● **Dataset excerpt**
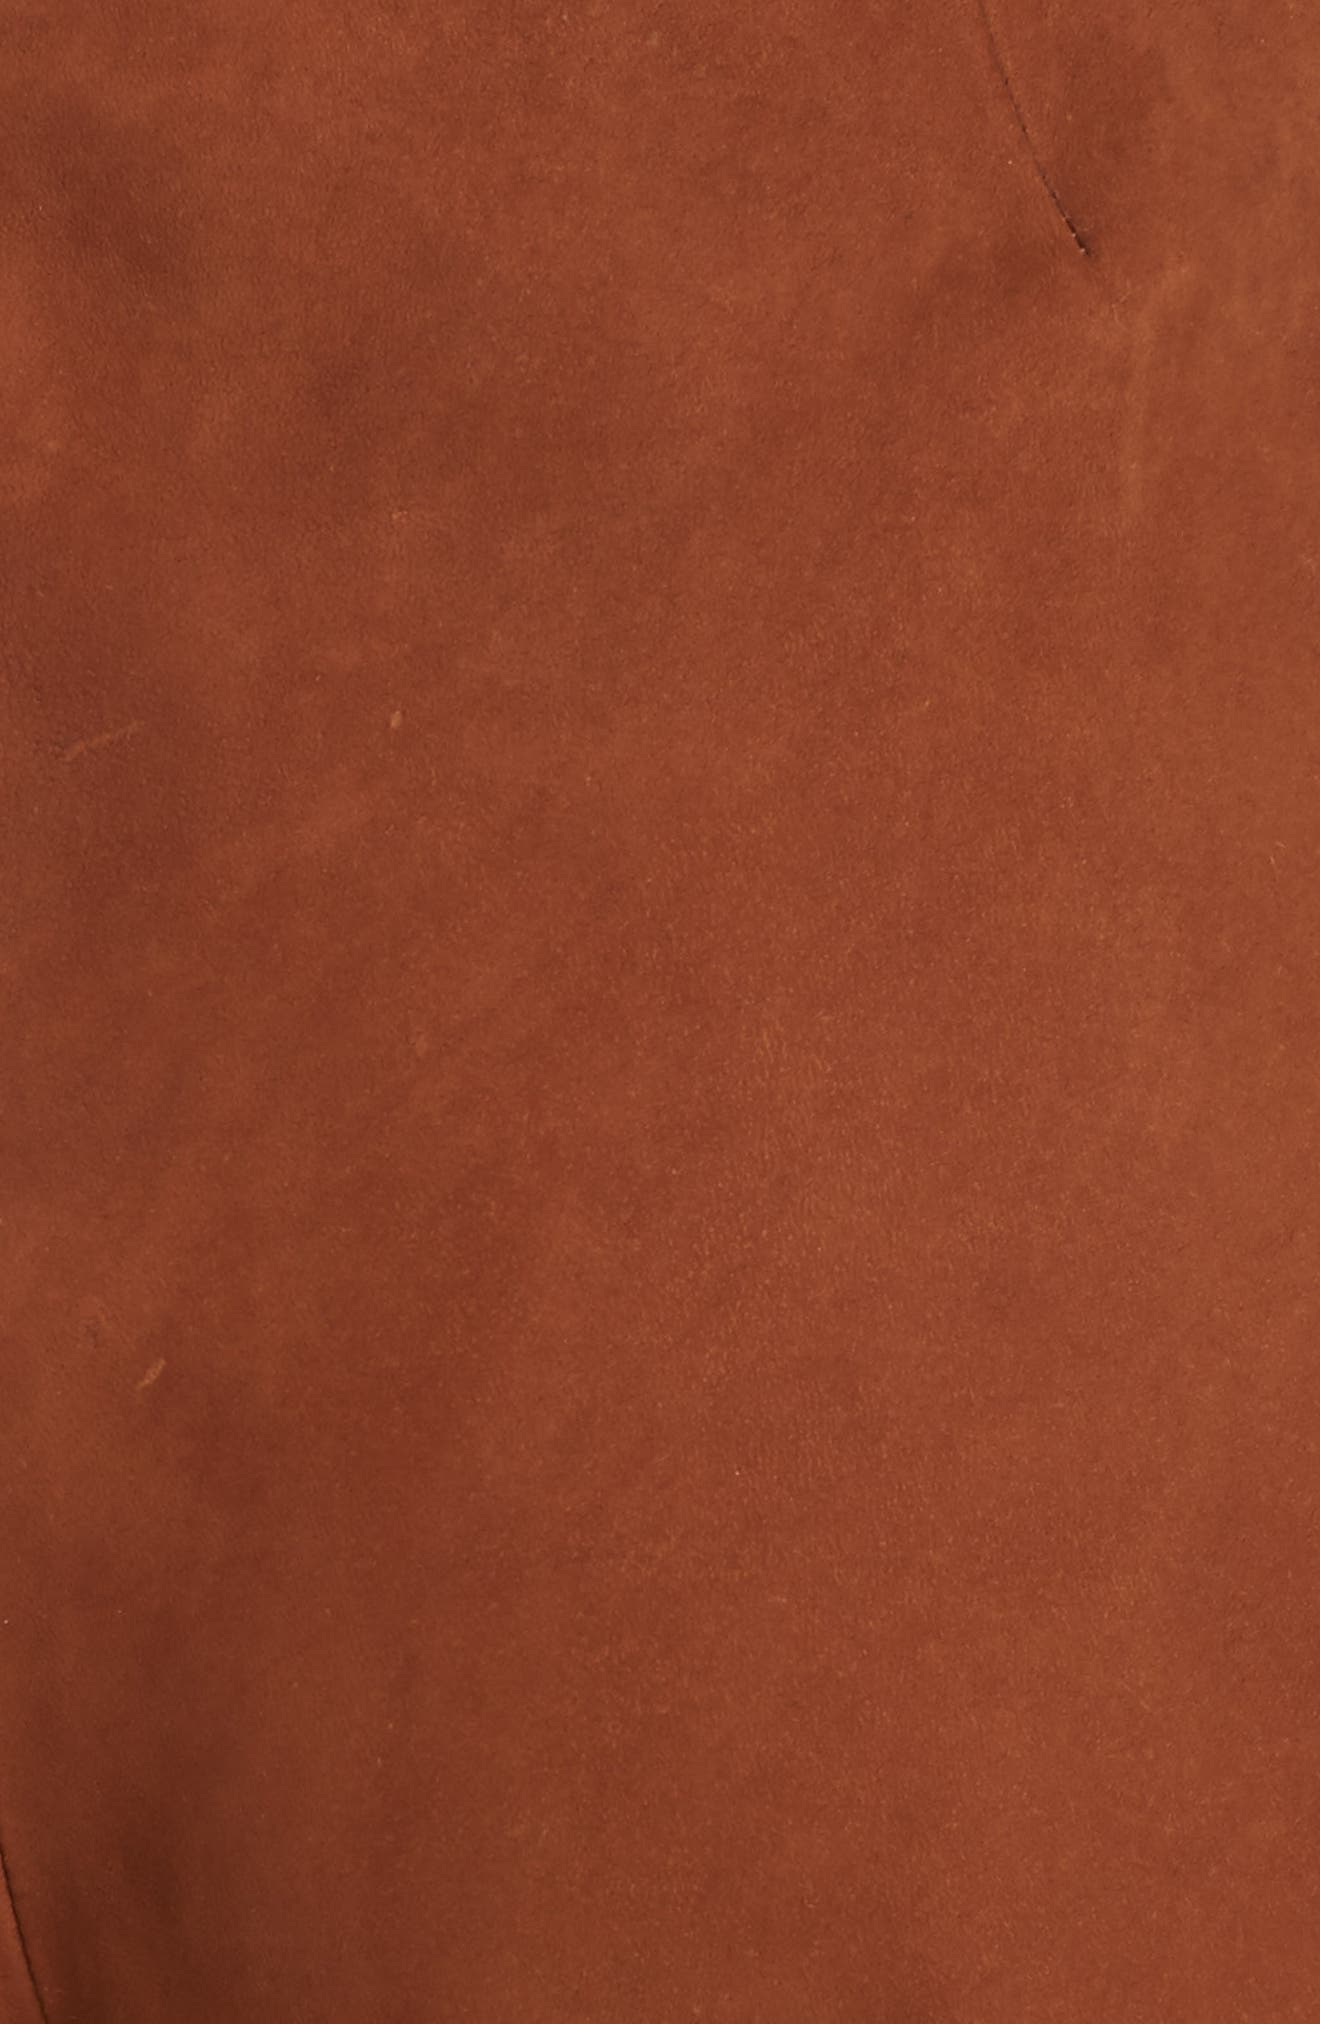 Suede Culottes,                             Alternate thumbnail 5, color,                             815
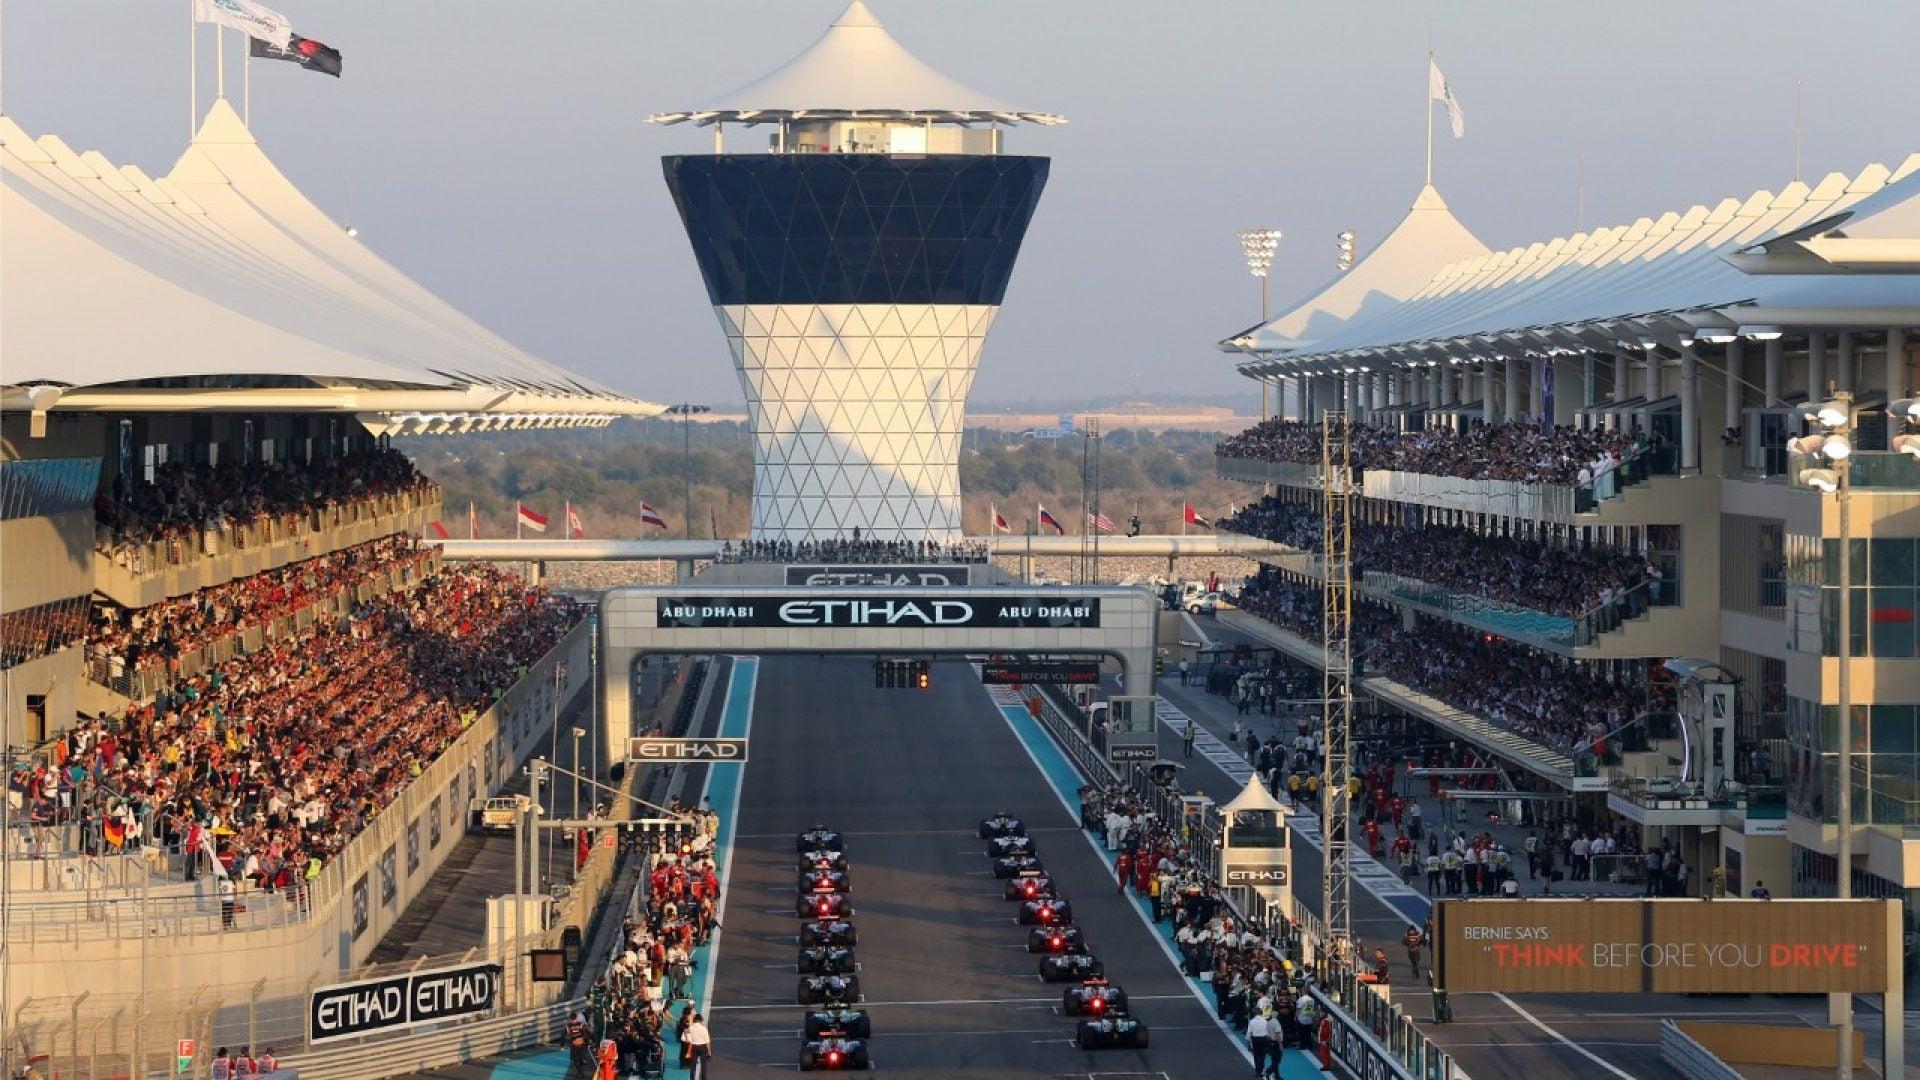 Abu Dhabi Grand Prix 2017 Live Stream How To Watch Abu
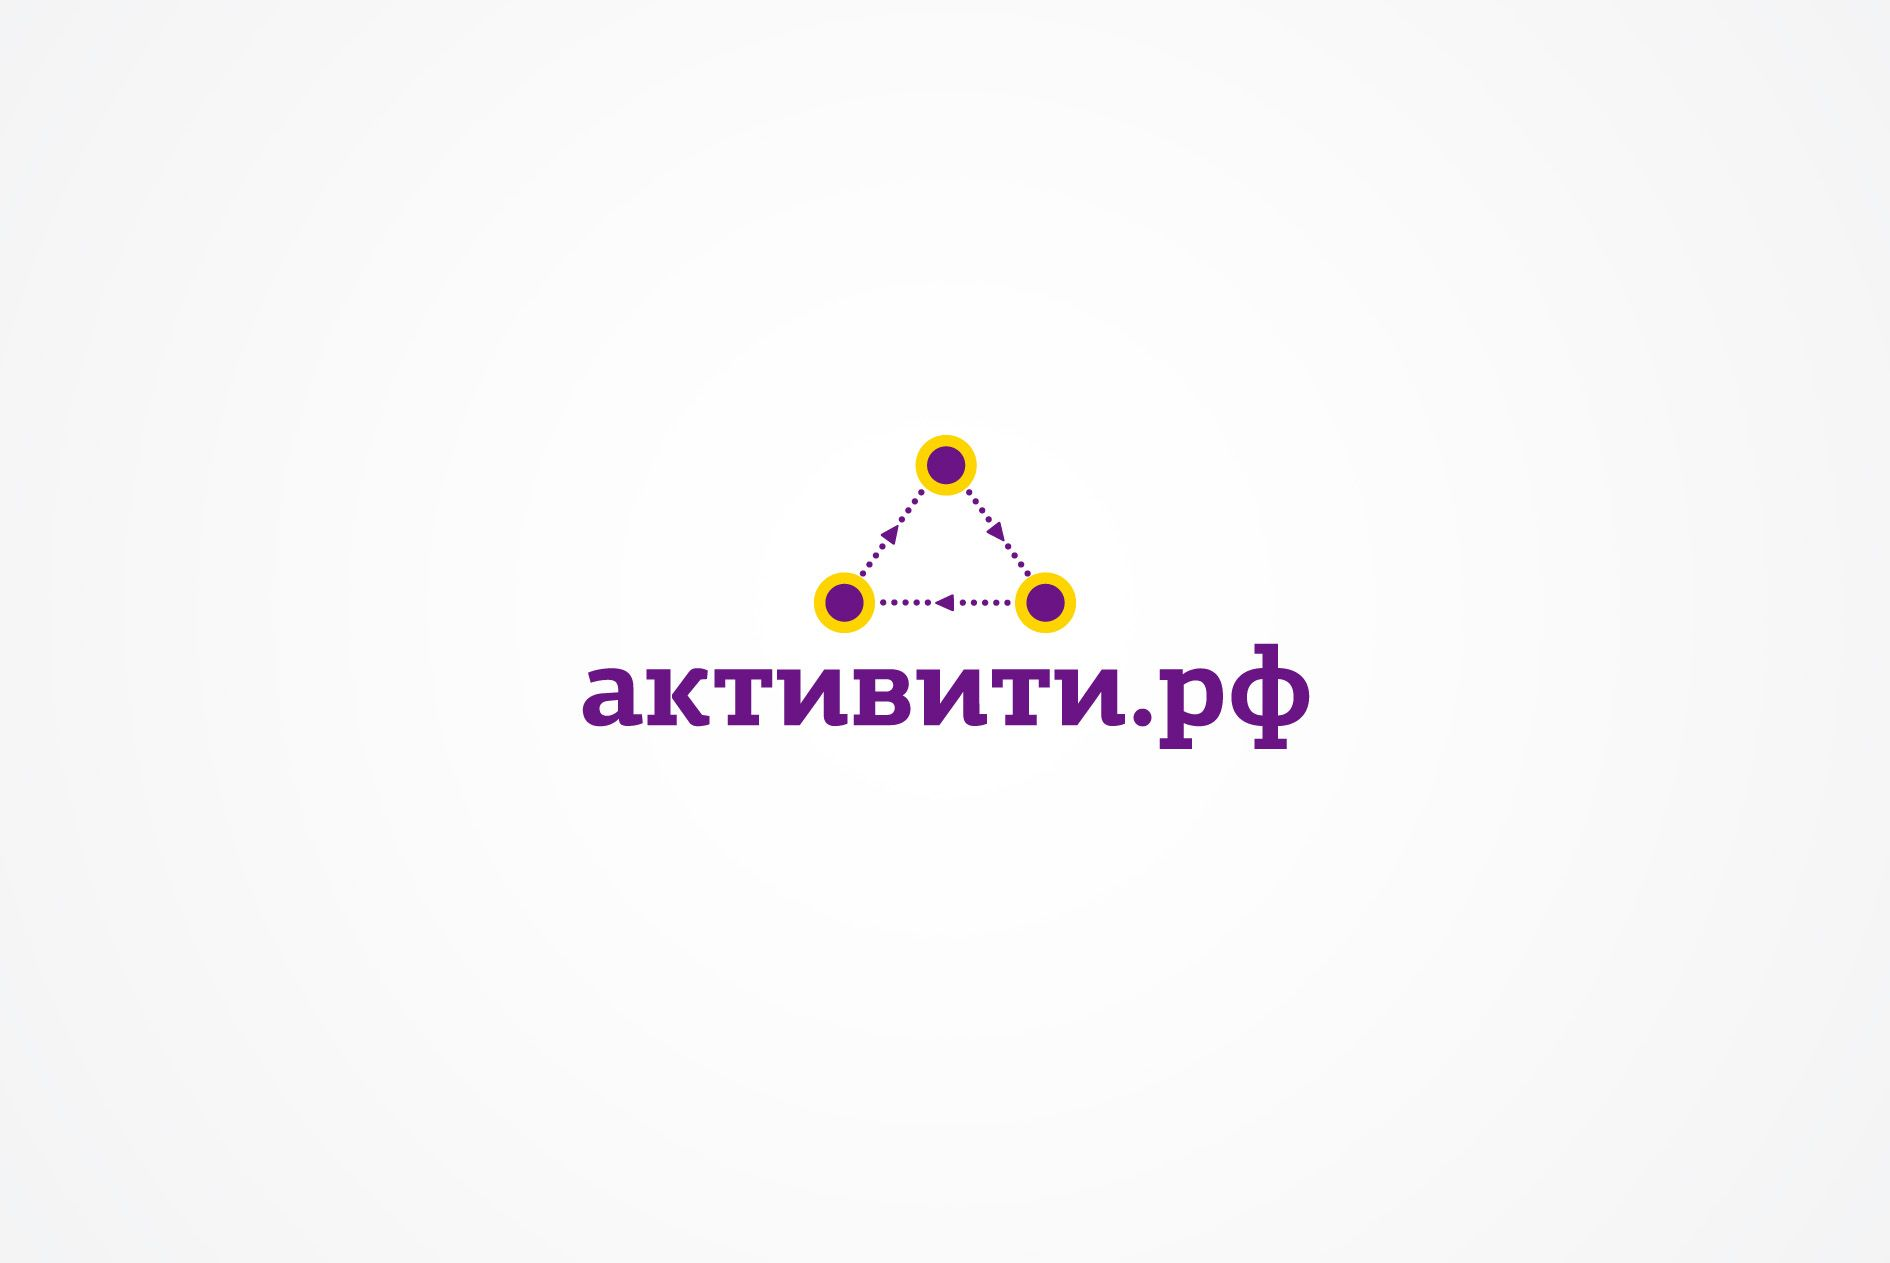 Логотип магазина активити.рф - дизайнер sexposs

● **Instructions for the task**
Except for the pictures, please retype the listing above exactly.

● **Answer for the task**
 Suede Culottes,                             Alternate thumbnail 5, color,                             815
 Abu Dhabi Grand Prix 2017 Live Stream How To Watch Abu
 Логотип магазина активити.рф - дизайнер sexposs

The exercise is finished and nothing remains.